Frodo glanced at him, his eyes warm. “Mmm.”


Bilbo continued. “Once you said that you couldn’t thank me enough, but now I truly can return the favor.” He took Frodo’s hand, squeezing it gently. “Thank you so very much, my boy – as little as that is.” Frodo returned the squeeze, but said nothing, and all they could hear was the faint rasp of dry grass-stems stirred by an imperceptible wind.


Soon Frodo found that Tol Eress ëa was indeed unlike the mortal lands, and that the difference was not merely in the number and variety of Elves. It seemed simultaneously deeply quiet (as if quiet were a thing in itself and not merely the absence of sound or disturbance) and strangely busy (as if things were happening that his perception was too weak or untrained to bring clearly to focus). He listened far more than he spoke, and he quickly built upon his knowledge of the ancient Elf-tongue, coming to understand it fluently, and to feel its rhythm and its meter, its mood and its melody, even more keenly than he had felt those of his native Westron. Some of the language’s sound-elements – like the high, forward, open-mouthed “a”s and the softly-trilled “r”s – seemed to grab something in his mind, and the Elves’ precise elocution filled him with a hidden delight.


Though he remained sad at leaving his friends and the land he had loved so well, and his longing for Sam did not abate, yet slowly his emptiness grew less, and with Círdan and with Gildor he knit friendships as close as any he had known in Middle-earth. Also he had many other friends, though aforetimes he had tended to be less gregarious than most. But the memories of the darkness troubled him for long years, and indeed, as time passed, they seemed to become more vivid and insistent, rather than less. Increasingly he took to wandering the island’s forests under moon and stars. At first this was for pleasure: for to feel the night’s air upon his skin, cool like fine linens or a fountain’s clear waters; or to call the nightingales to his hand, a flutter of wings and a chatter of voices in the tree-scented gloom; or merely to lay upon the clean earth among the pale niphredil and the dewy-leafed isilidin and to watch the stars wheel slowly into the West. But over time it became also a way to avoid sleep, and thus the dreams of darkness that came more and more often to haunt it.

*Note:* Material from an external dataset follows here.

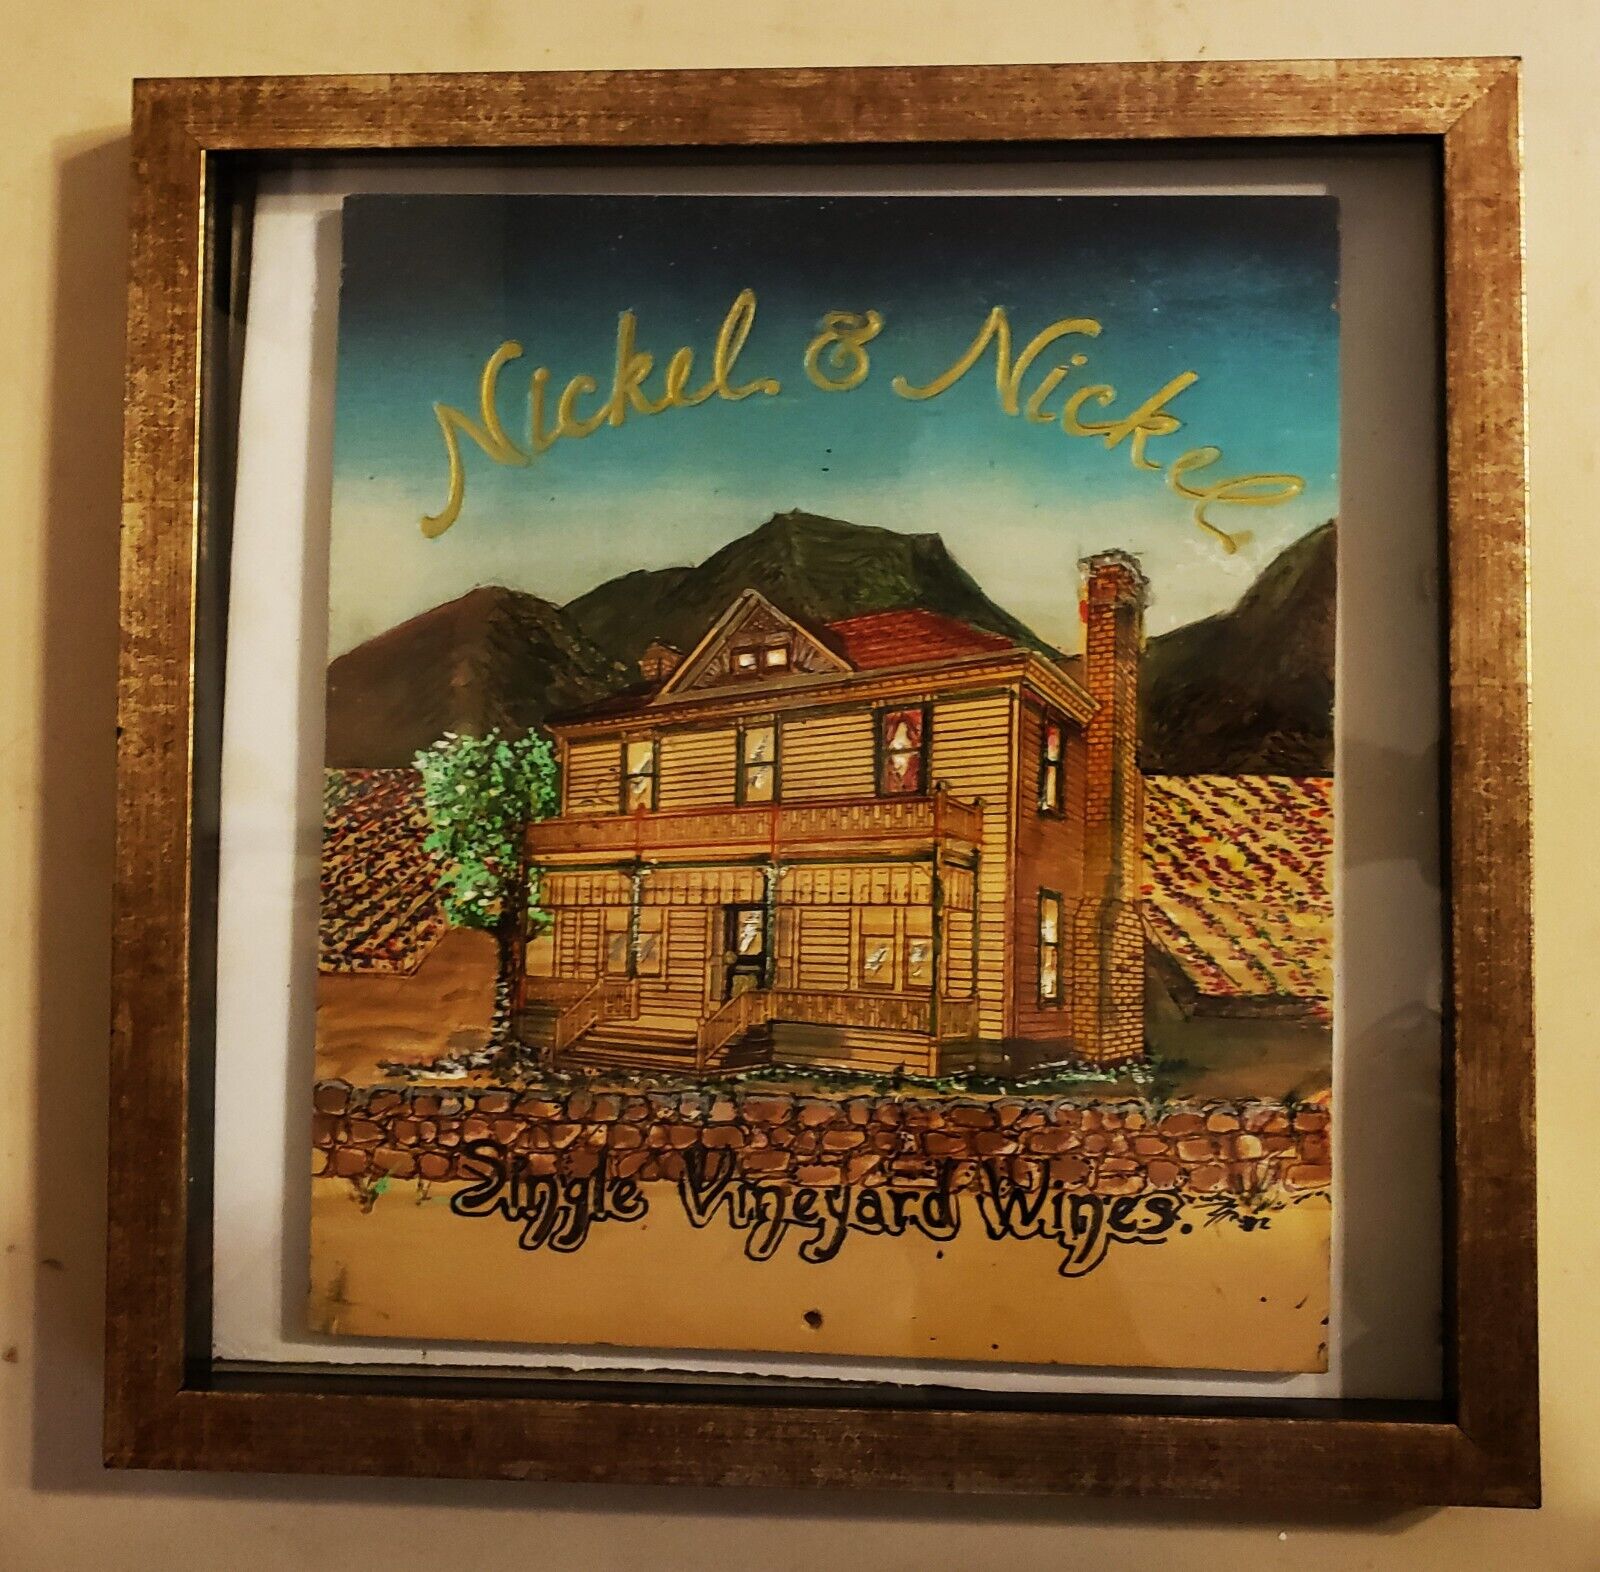 NICKEL & NICKEL Single Vineyard Wines Original Carved & Painted Wall Art Plaque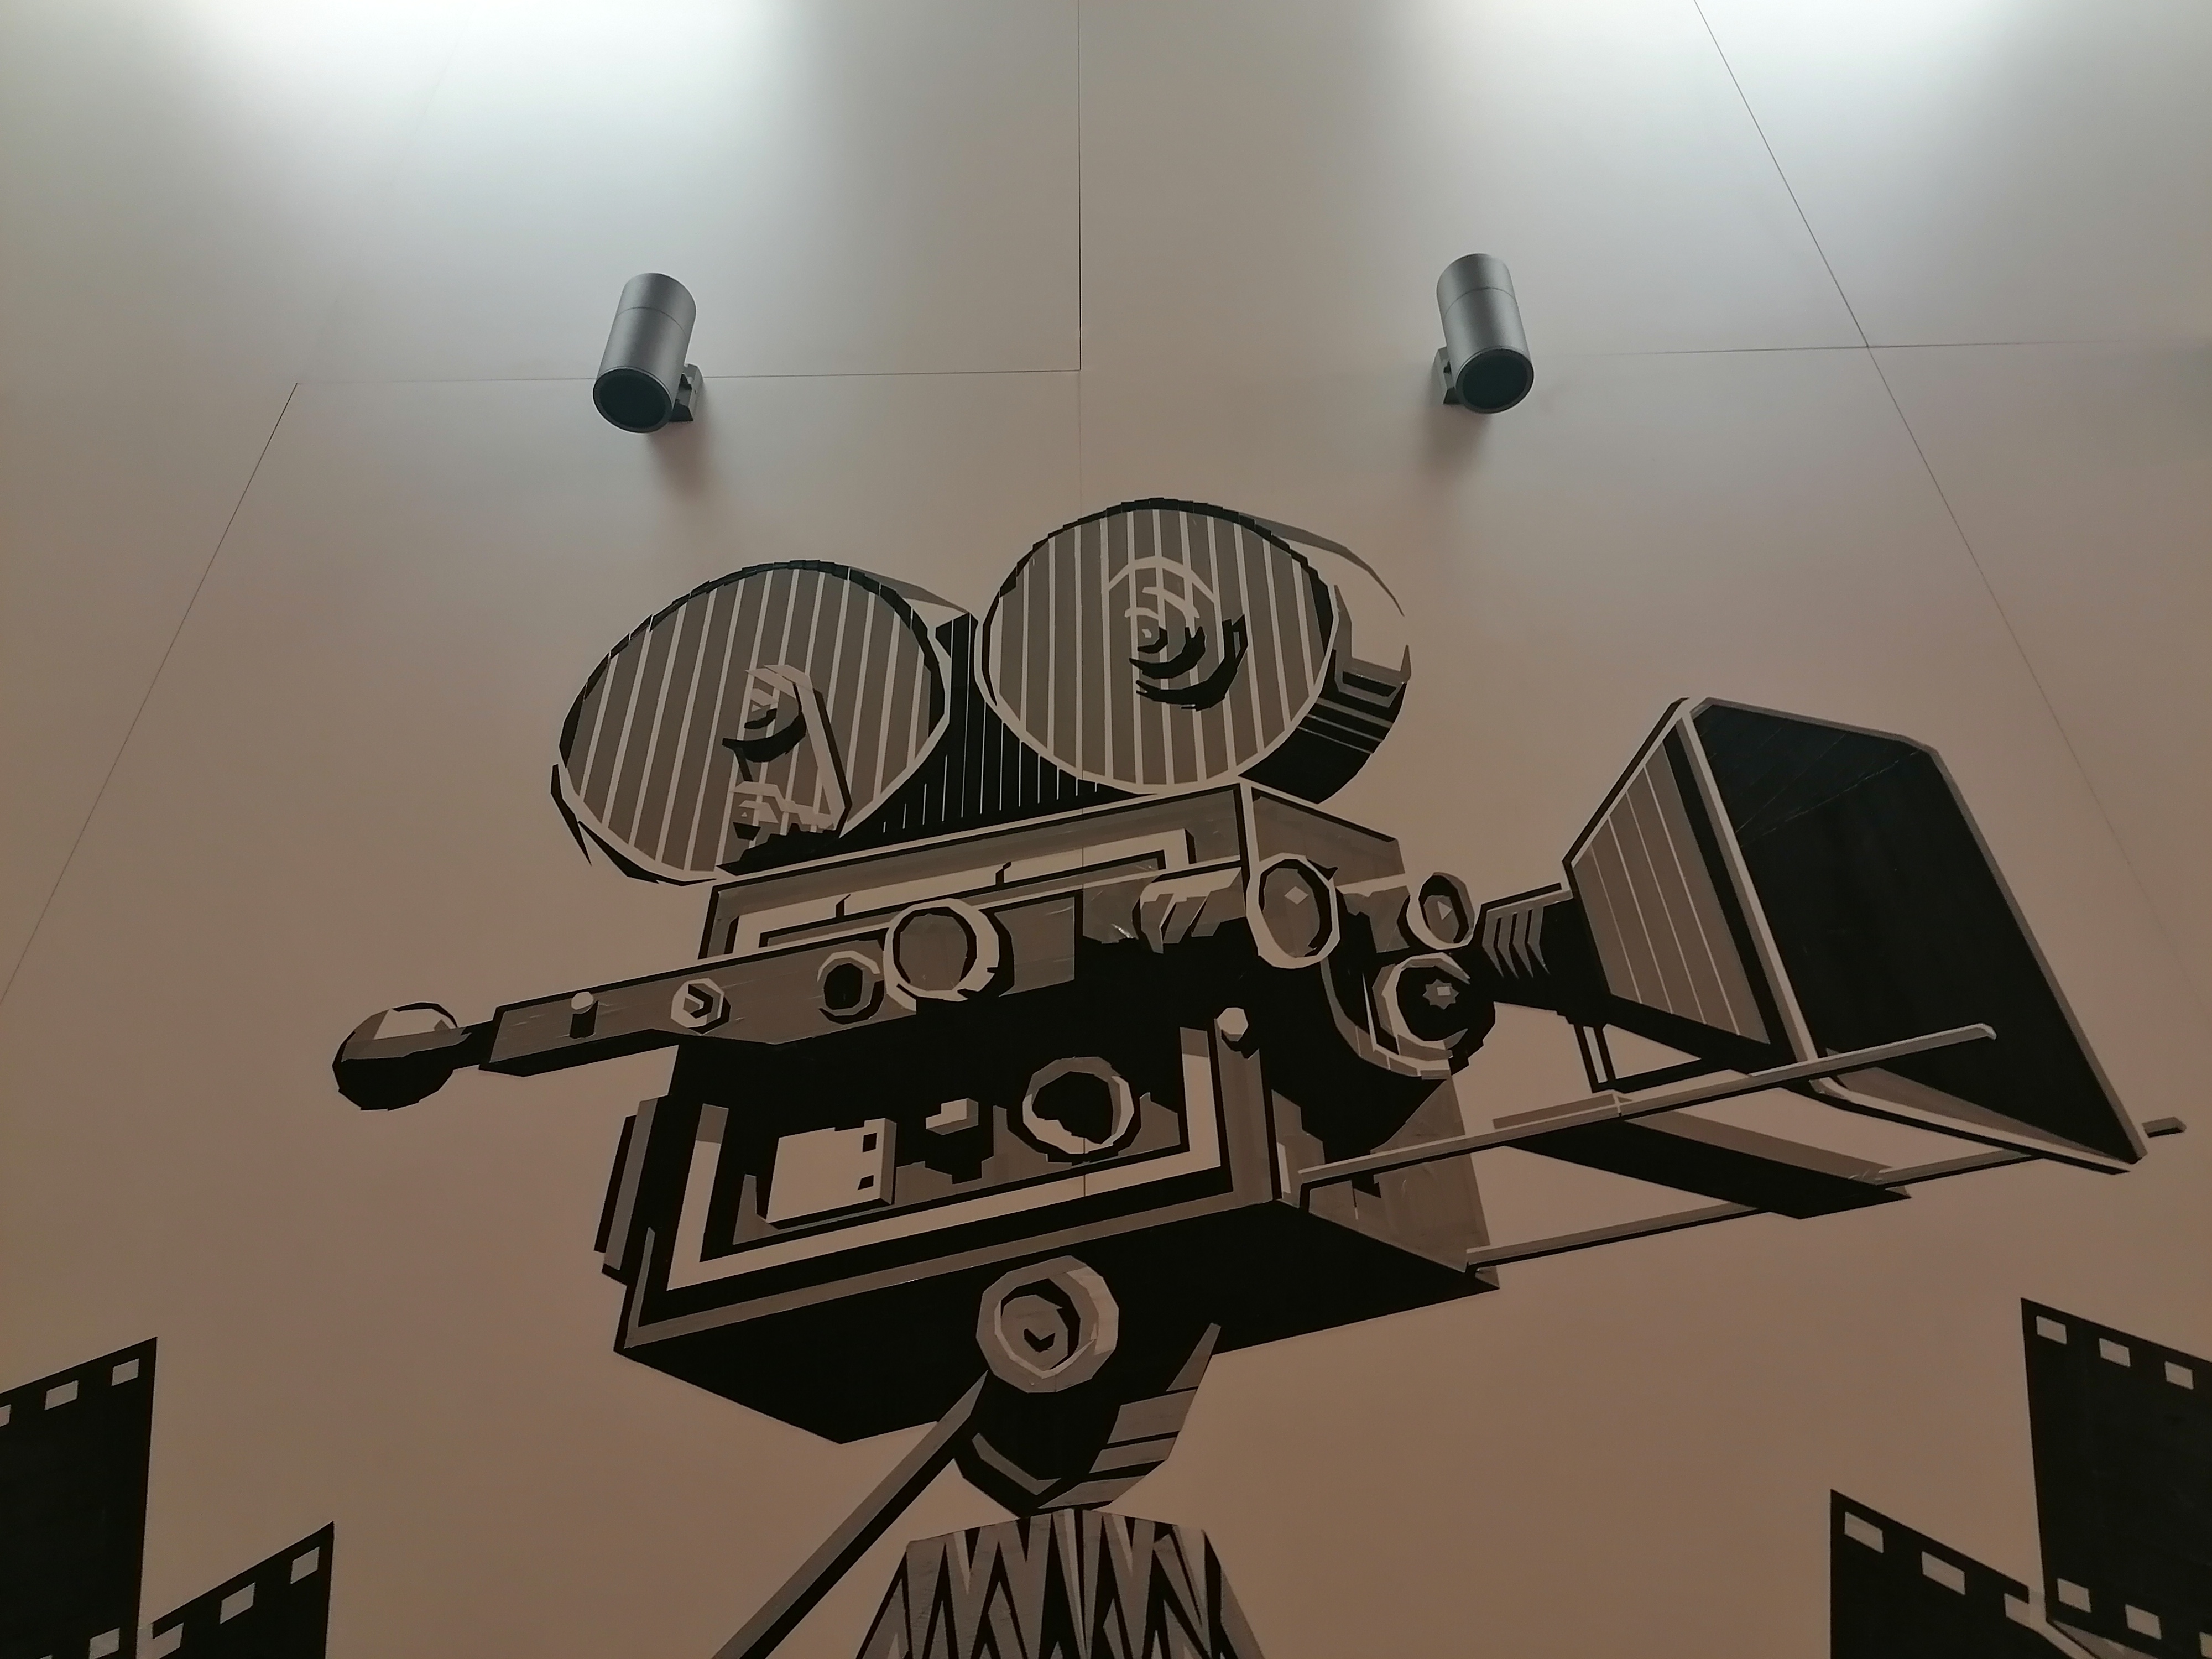 Kamera z taśmą filmową - malowidło na ścianie kina Forum

“You are abroad late,” observed Gildor, happening upon Frodo in a lonely aspen-glade high above the town in which they lived.


“Not so late as to find no one else about. But come, sit beside me and talk awhile.”


And so they talked until Frodo became drowsy and curled himself in the deep fern beside the ledge upon which they had sat. Then Gildor watched him until the eastern sky grew pale.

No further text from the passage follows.